Le tournant manqué des années 90
Pourtant, au début des années 90, le basket est ambitieux. Le président de la fédération de l'époque rêve de devenir "le sport de l'an 2000" avec 800 000 licenciés au tournant du millénaire, note Basket Info. A l'époque, les meilleurs clubs hexagonaux, Limoges, Villeurbanne, Pau, accumulent les épopées européennes et ont droit aux honneurs de diffusions sur les chaînes nationales. La consécration arrive aux Jeux olympiques de Sydney (Australie), quand les Bleus échouent en finale, battus de peu par les Etats-Unis.
A l'époque, la fédération se trouve prise de court et peine à surfer sur ce succès. Pour preuve, le nombre de licenciés baisse juste après la médaille olympique !
C'est à ce moment-là que le basket laisse s'échapper le rugby, puis le handball, dans la hiérarchie des sports collectifs dans les médias. Depuis, le basket est devenu un sport mineur, même si la fédération parvient à bien médiatiser les compétitions des équipes nationales chaque été. Comme le résume Gilles Dumas, président de l'agence de marketing sportif Sportlab, "le public s'enthousiasme sur une finale aux JO, un moment de forte médiatisation pour les sports mineurs, mais sa capacité d'oubli est très forte."
"Dans dix jours, le grand public les aura oubliés"
Et il y a risque majeur d'oubli. Car le championnat de France ne fait pas rêver grand monde. Seuls quatre des douze champions d'Europe y jouent. "Ils vont faire 'Le Grand Journal', on va les voir en photo dans toute la presse, mais dans dix jours, on les aura oubliés, car on ne reverra plus l'équipe de France avant l'été prochain à la Coupe du monde en Espagne, regrette Antony Thiodet, ancien président du club de Villeurbanne, contacté par francetv info.

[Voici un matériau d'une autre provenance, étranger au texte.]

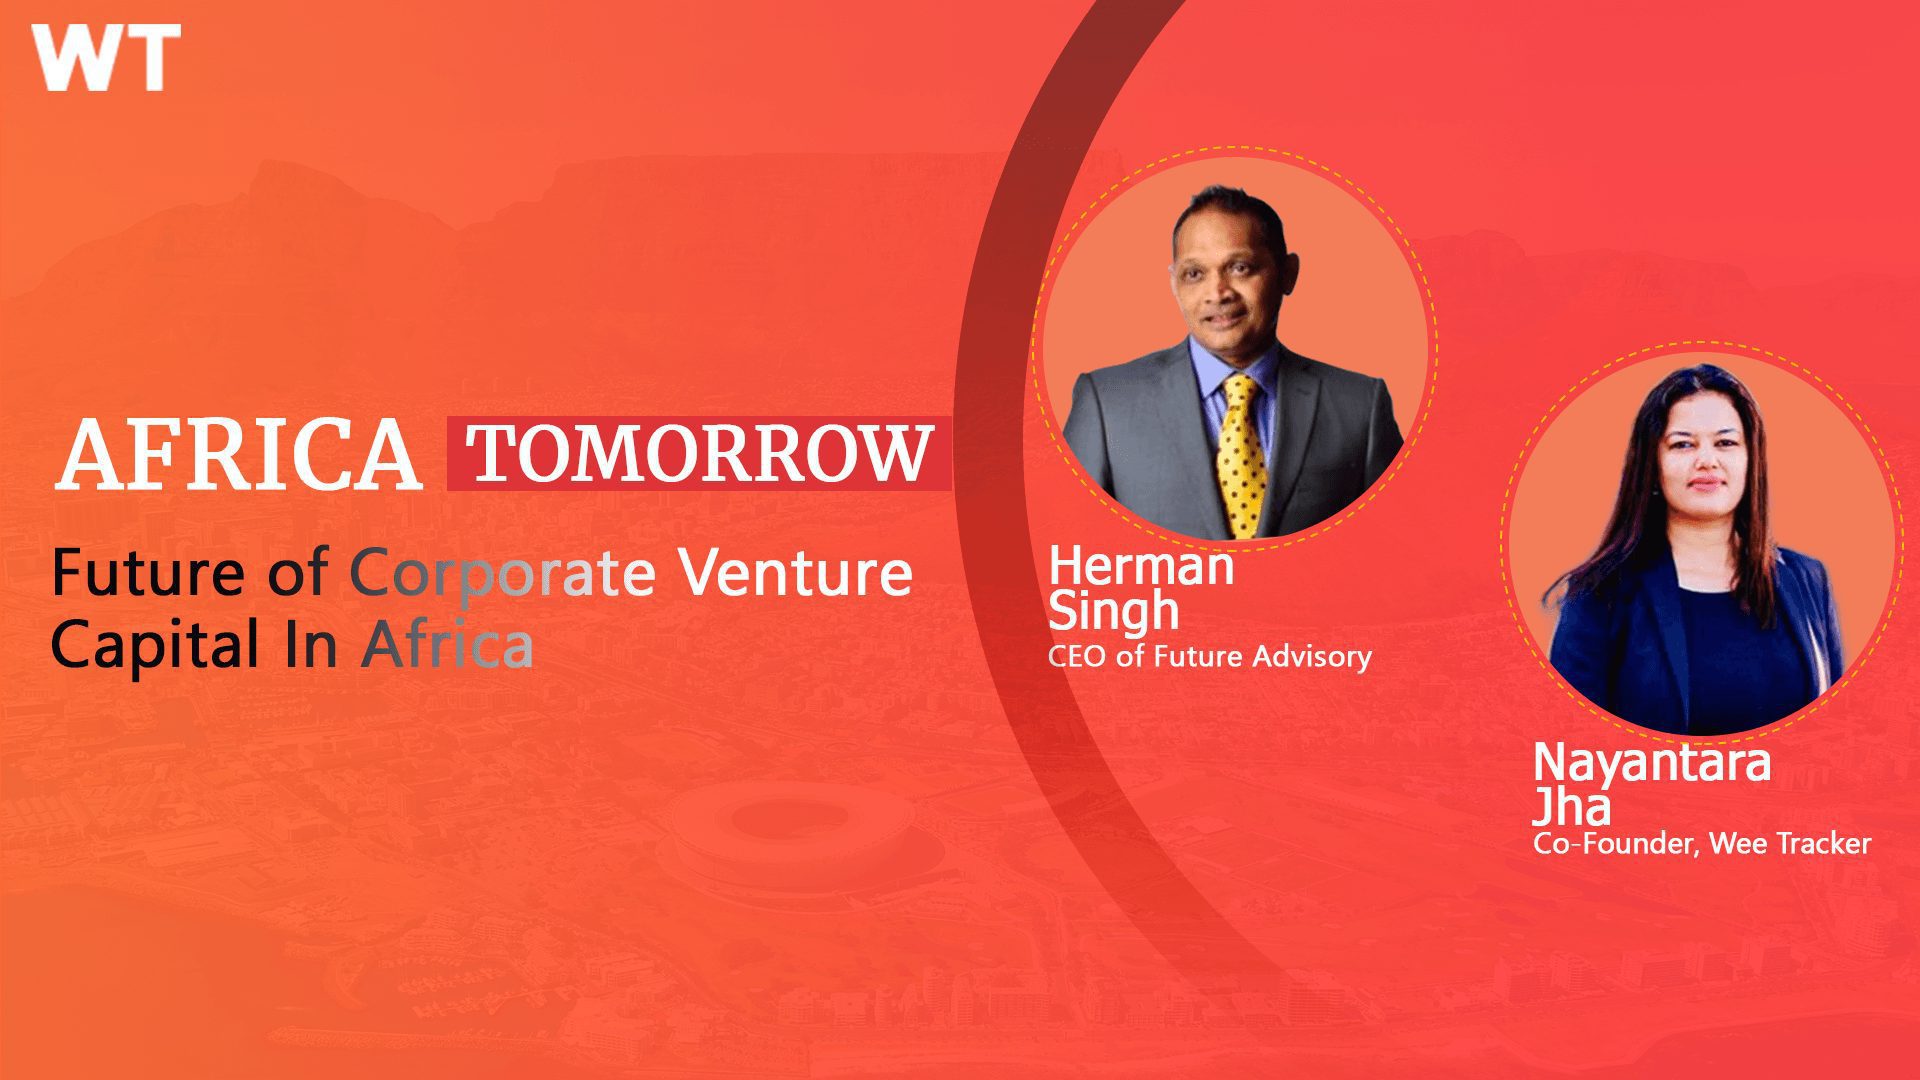 Africa Tomorrow - Corporate Venture Capital

La victoire des Français a été incarnée dans les médias par Tony Parker. Or, "TP" vit à 10 heures d'avion de Paris. C'est pour ça que cette victoire ne changera pas la face du basket français."
Pour fidéliser le public acquis lors de cette victoire, rien de tel... qu'un championnat national fort, véritable feuilleton, à même de maintenir l'intérêt tout au long de l'année. Quelques exploits européens feraient bien dans le paysage. Rien de tout ça dans le basket français. Chaque année, une équipe différente est sacrée - en juin, c'était le petit poucet Nanterre - et, en Coupe d'Europe, les clubs tricolores regardent les matchs importants à la télévision.
L'ombre étouffante de la NBA
Renforcer les clubs en faisant venir des stars dans le championnat, c'est mission impossible. "Même avec l'argent du Qatar, un éventuel PSG Basket ne pourrait pas mettre 10 millions de dollars par an pour récupérer Tony Parker. Même un joueur français qui joue 3 minutes par match en NBA ne reviendrait pas, regrette Antony Thiodet. En basket, il est difficile d'être attractif pour un club français."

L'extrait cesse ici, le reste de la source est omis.